Пройдет неделя, и старик начнет смотреть фильмы заново. Новые ему незачем привозить. Старик этого не заметит. А если и заметит, то не будет возражать. Да и почему бы не посмотреть фильм еще раз?
Организовать все было не так-то просто. Но у него получилось. Он заходил к отцу дважды в неделю, иногда с фильмами, иногда без; мальчик, приносивший еду, приходил каждый день, за исключением выходных, у него были свои ключи. По субботам и воскресеньям еду приносил он сам. Сиделка тоже приходила дважды, но они с ней не пересекались.
— Что у тебя с сиделкой? — спросил отец. Попробовал этак на него посмотреть. Лукаво.
— Отстань, не начинай.
Плохо было то, что все это вызывало какое-то беспокойство. Что старику конец. Что тот умрет и оставит ему свою смерть как прощальный подарок. И это все. Больше у него ничего уже не осталось. Все кончится в этой квартире или на койке в какой-нибудь клинике, и смерть старика будет предназначена ему. А сейчас что с ним делать? Как обращаться к нему? О чем говорить? Не о похоронах же. Сначала он думал, что старику станет легче. Но потом понял, что нет, уже не будет. Все кончится смертью.
— Ты сказал, что поговорить хочешь, — старик хитро прищурился. Странно это выглядело, старик никогда раньше так не смотрел. Он повернулся к рыбкам. Пересчитал их.
— Да, — сказал он.
— Все рыбки на месте? Никто не сдох? Не жрут друг друга?
— Да вроде нет.
Он вышел на кухню. Гудел холодильник. Он открыл дверцу. Совсем ненужная вещь, старик то, что осталось, не доедает. В холодильнике было пусто. На бутылках — пятна плесени. Неожиданно он обнаружил пиво. Смотри-ка. Он откупорил бутылку, слизал стекающую по пальцам пену, отхлебнул.

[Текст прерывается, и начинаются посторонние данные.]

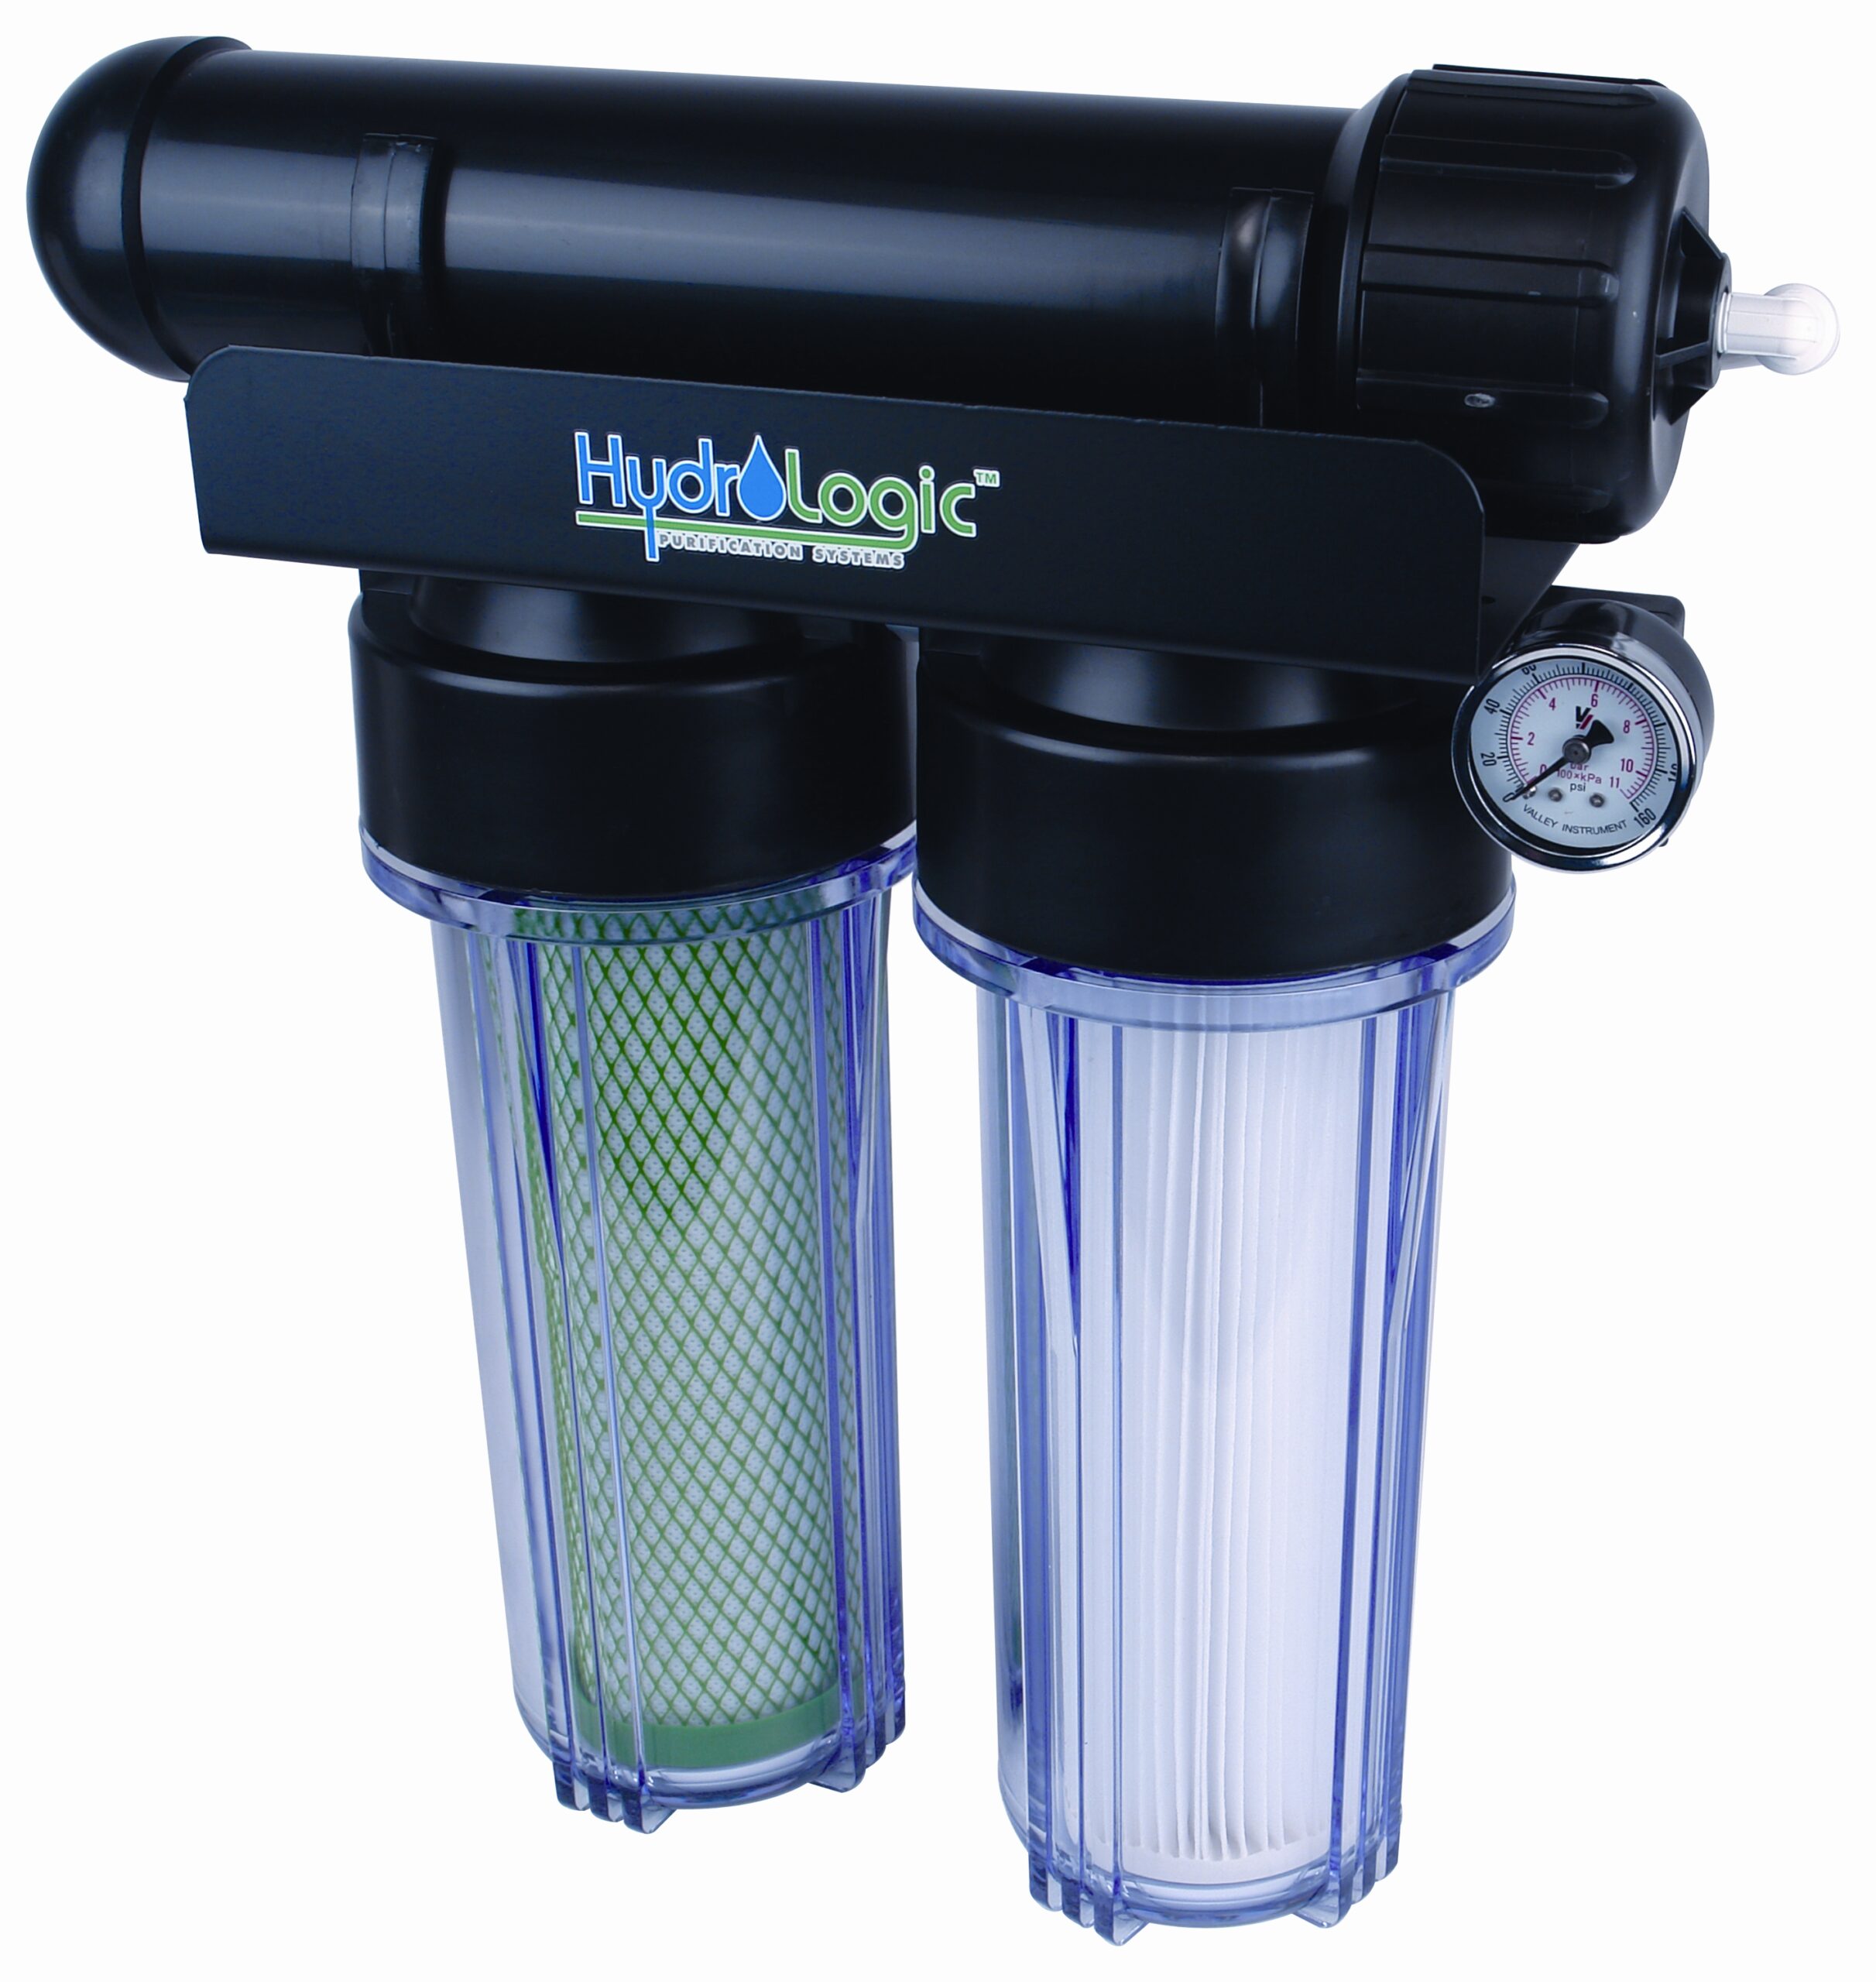 Фильтры для воды com. Фильтр для воды Water Filter. Лоджик фильтр для воды. 100 GPD насос Аквафор. Магистральный фильтр для воды.

— Это я тебе оставил, — прокричал старик из комнаты.
— Спасибо, — он снова отхлебнул.
— Хорошее пиво, верно?
— Тебе еще нужен холодильник?
— Рыбки и холодильник — все, что у меня осталось. И кино, мать его.
— Холодильник-то зачем?
— Чтоб гудел. Привык я к нему.
Он вернулся в комнату. Старое кресло заскрипело. Он сел напротив старика, который уже смотрел кино, порой отпуская комментарии.
— Гляди, этого типа скоро прикончат. Уже повели наверх.
Он чуть наклонился вперед, чтобы лучше видеть лицо отца.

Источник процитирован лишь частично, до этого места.